While she was alive, I didn’t know enough about the murders to ask a decent question. So, to come to that conclusion after five years of research and then discover she was of the same opinion, yes, I believe I confirmed the mastermind and his right hand “muscle.” I think part of the intrigue of this story is for the reader to make a judgment call as to whether or not I’ve closed the case. As for the names, I’ll hold back as it would be another spoiler.

Q: Is there anything else you think readers should know about the story?

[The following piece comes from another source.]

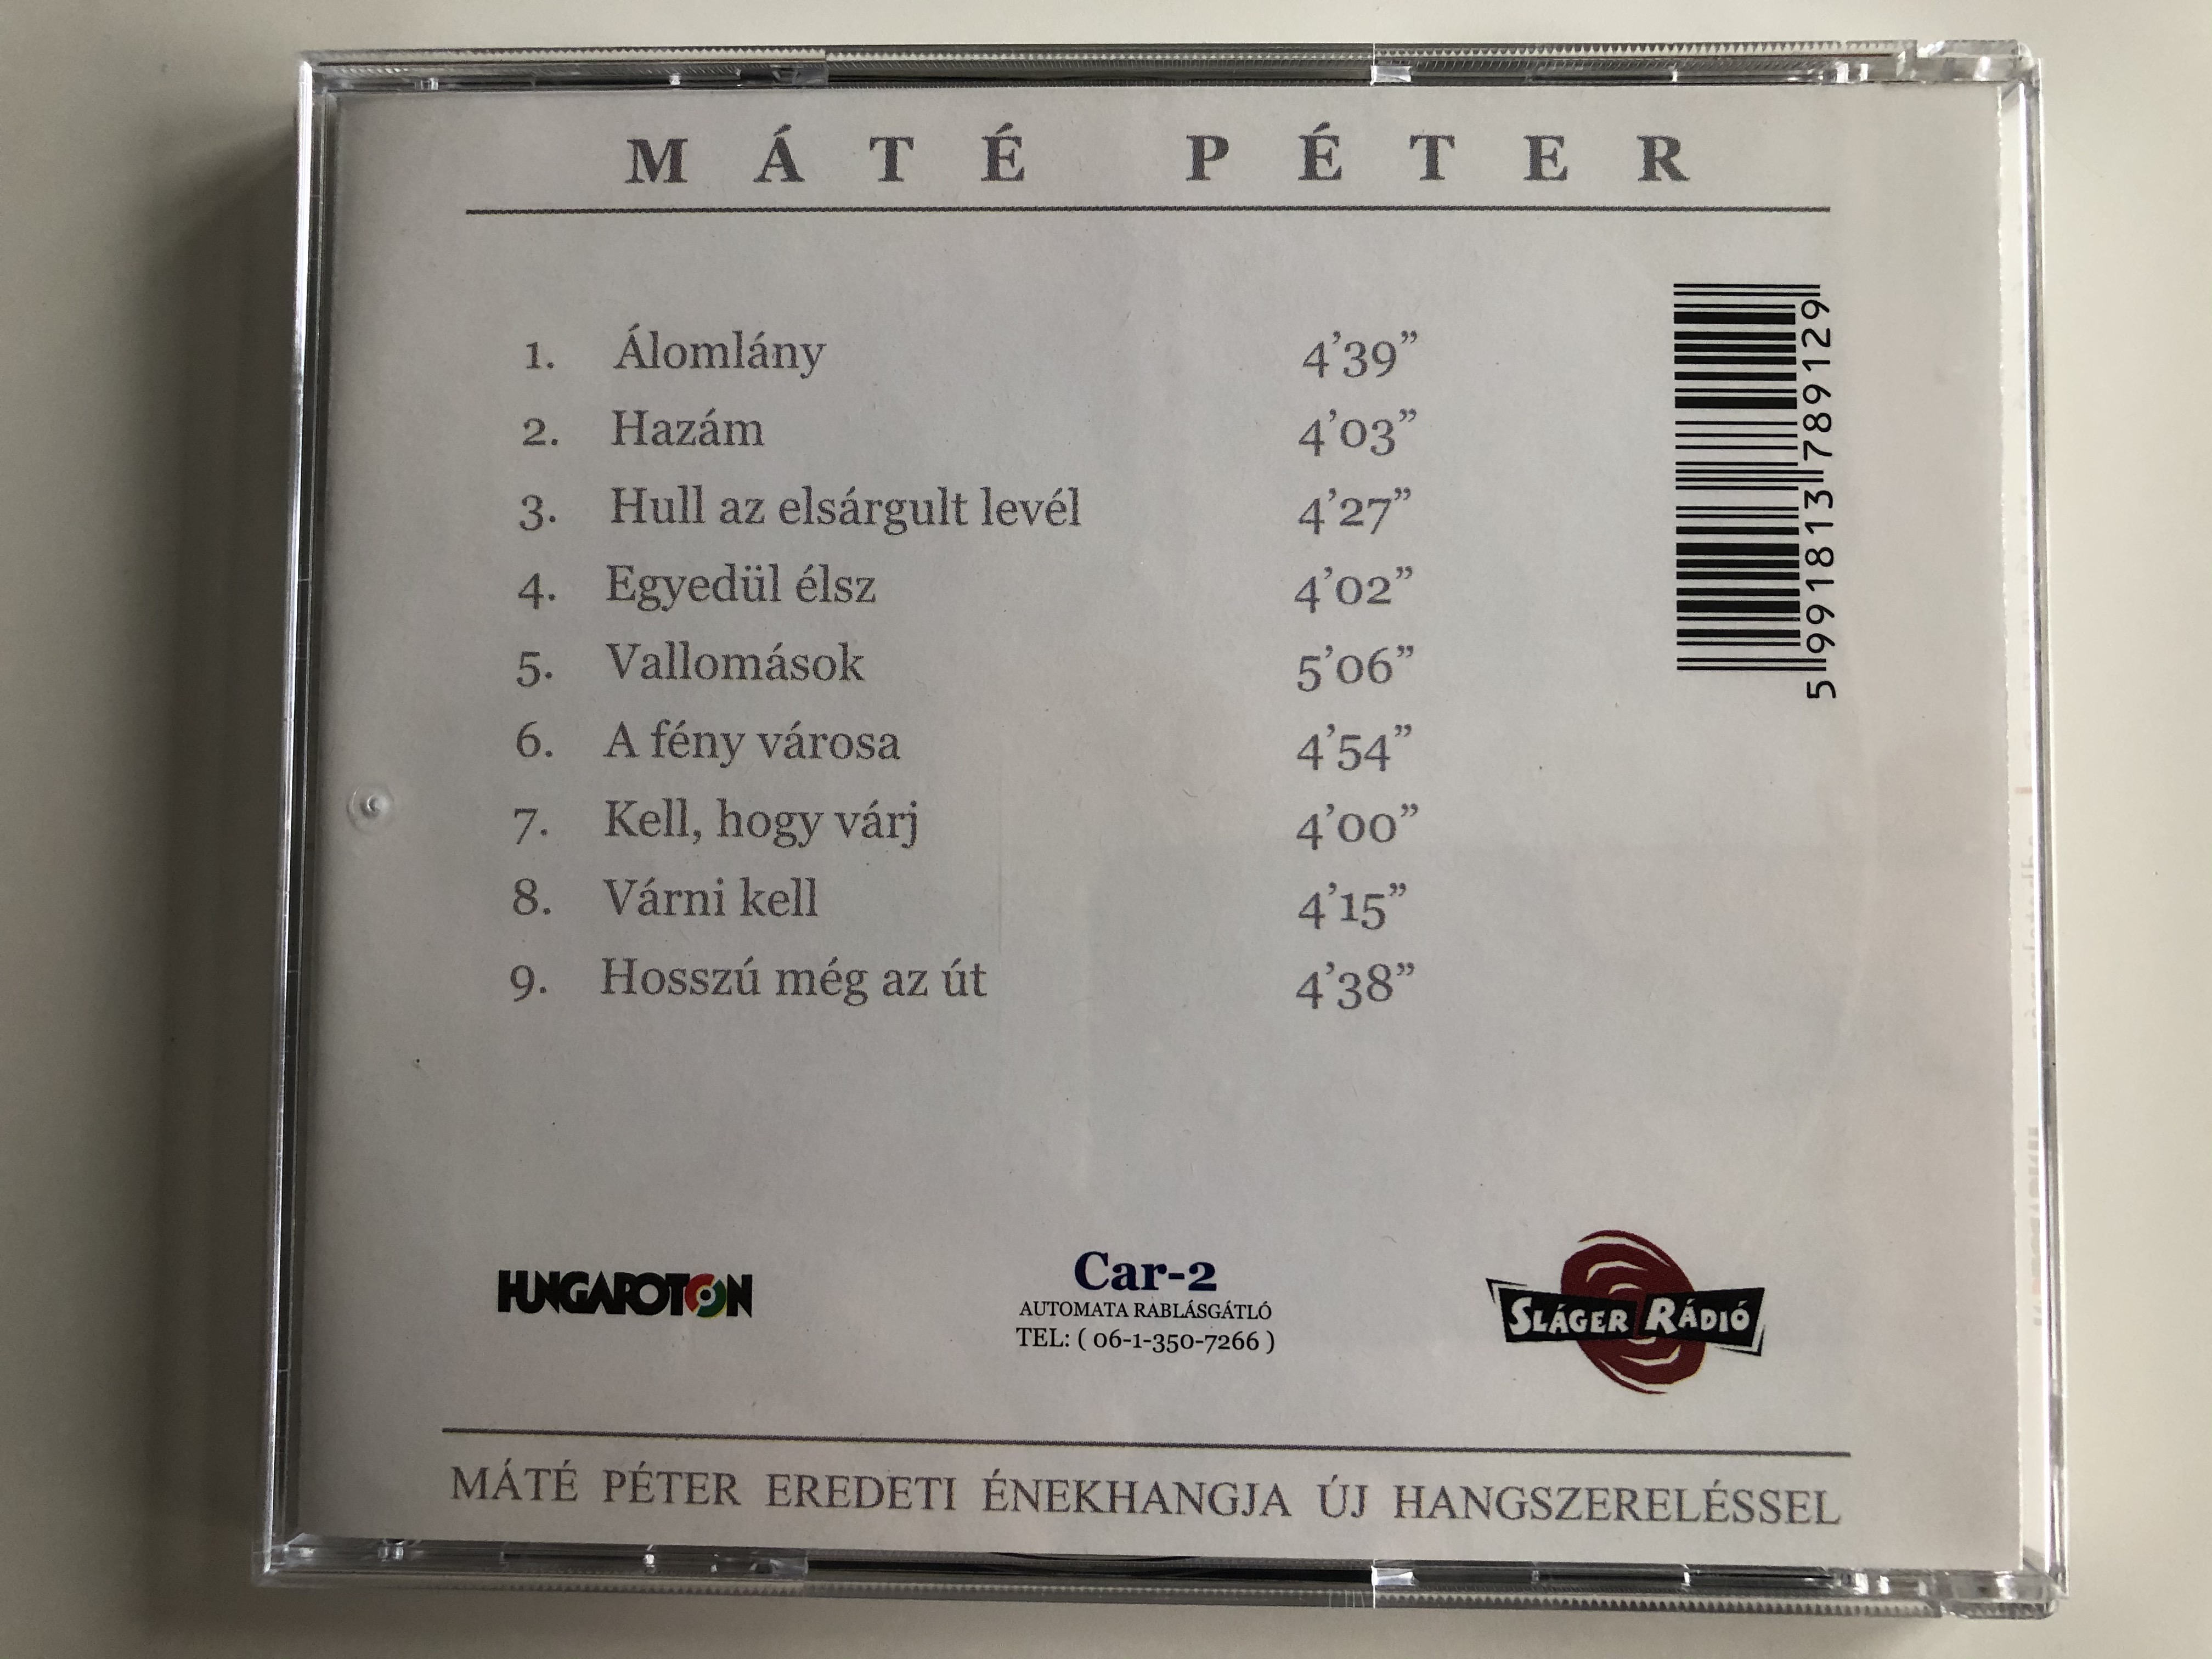 mate-peter-adhatok-meg...-mate-peter-eredeti-enekhangja-uj-hangszerelessel-hungaroton-audio-cd-2000-hcd-37891-9-.jpg

A: Anyone who has dabbled in investigative journalism knows that only a fraction of one’s research makes it onto the printed page. The excess words are usually rabbit trails of fascinating vignettes that don’t advance the story. My first draft was much longer than the current book. Even after acceptance by the publisher, I was instructed to “keep cutting.” Thirteen of those passages can still be found on the book’s website, listed as “Annotations” (

Also on the website are over 100 photos that were not included in the book. Then, the menu bar has “Lists” that might be of interest to Oklahoma readers as it includes everything from jury membership to those who dined regularly at Johnson’s Hotel Cafe in Marlow. I believe I’ve been very thorough in researching and telling this story. One reviewer on Amazon noted that if Amelia Earhart had been my grandmother, we’d know where her skeletal remains are today.